Important new research from communication studies describing how mothers and daughters who follow feminist principles speak more positively about their bodies.
Published in Body Image, the study found that feminist mothers and their daughters felt more positively about their bodies and less shame about how their bodies look than those who don’t ascribe to feminist ideals. Additionally, the paper showed that how mothers view and speak about their bodies can affect how their daughters view their own and vice versa:
The researchers focused on feminist embodiment, which they define as women rejecting societal norms and expectations about what they should look like while also feeling empowered and embracing their own bodies for their strengths and uniqueness.
Led by Analisa Arroyo, lead author of the study and an associate professor in the Franklin College of Arts and Sciences, the researchers surveyed 169 mother-daughter pairs for the study, but they specifically didn’t ask participants whether they self-identified as feminists. Instead, they analyzed participants’ feelings about their own power as a woman, how connected they feel to their bodies and how in control they feel of their own lives, in addition to other measures of feminist values.

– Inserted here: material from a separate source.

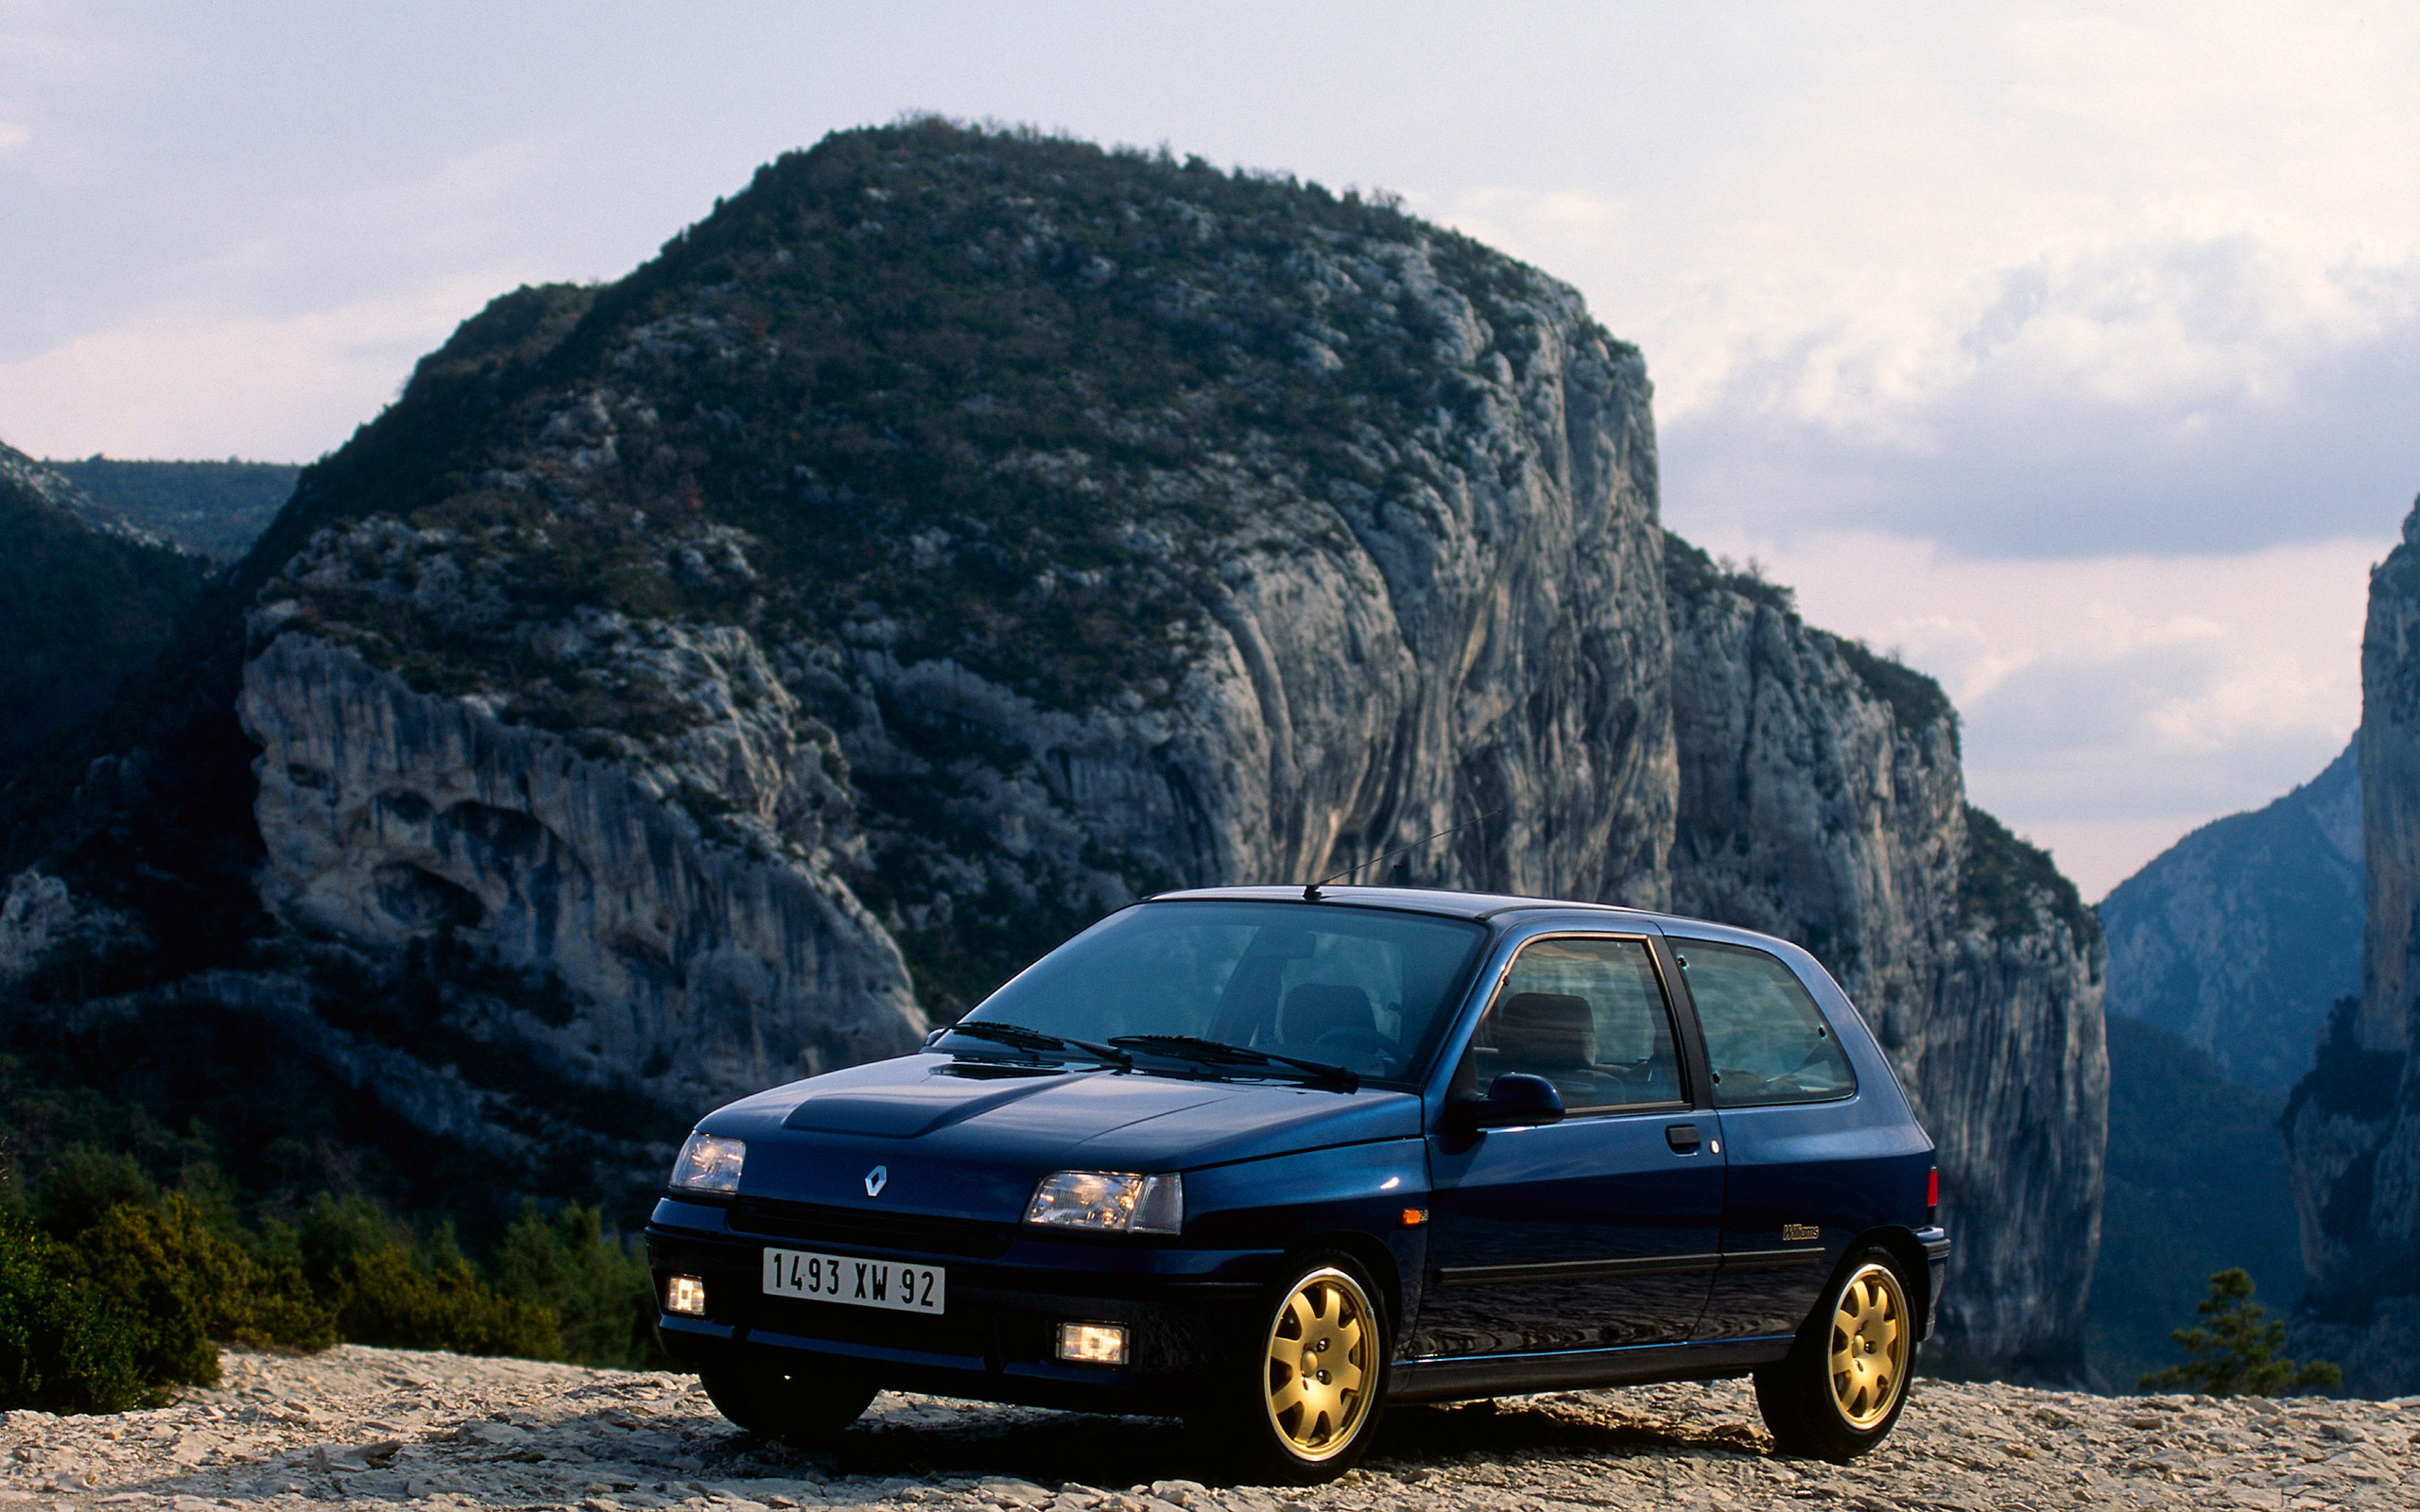  1993 Renault Clio Williams Wallpaper.

Previous research linked negative comments about one’s own body to negative outcomes such as depression, disordered eating, body dissatisfaction and more. The present study showed that when daughters hear their mothers talk negatively about themselves, the daughters’ own body image takes a hit.
Daughters who embraced their bodies and spoke positively about themselves, though, served as a positive influence for their mothers. Moms with more body-positive daughters were more likely to have a better body image of themselves.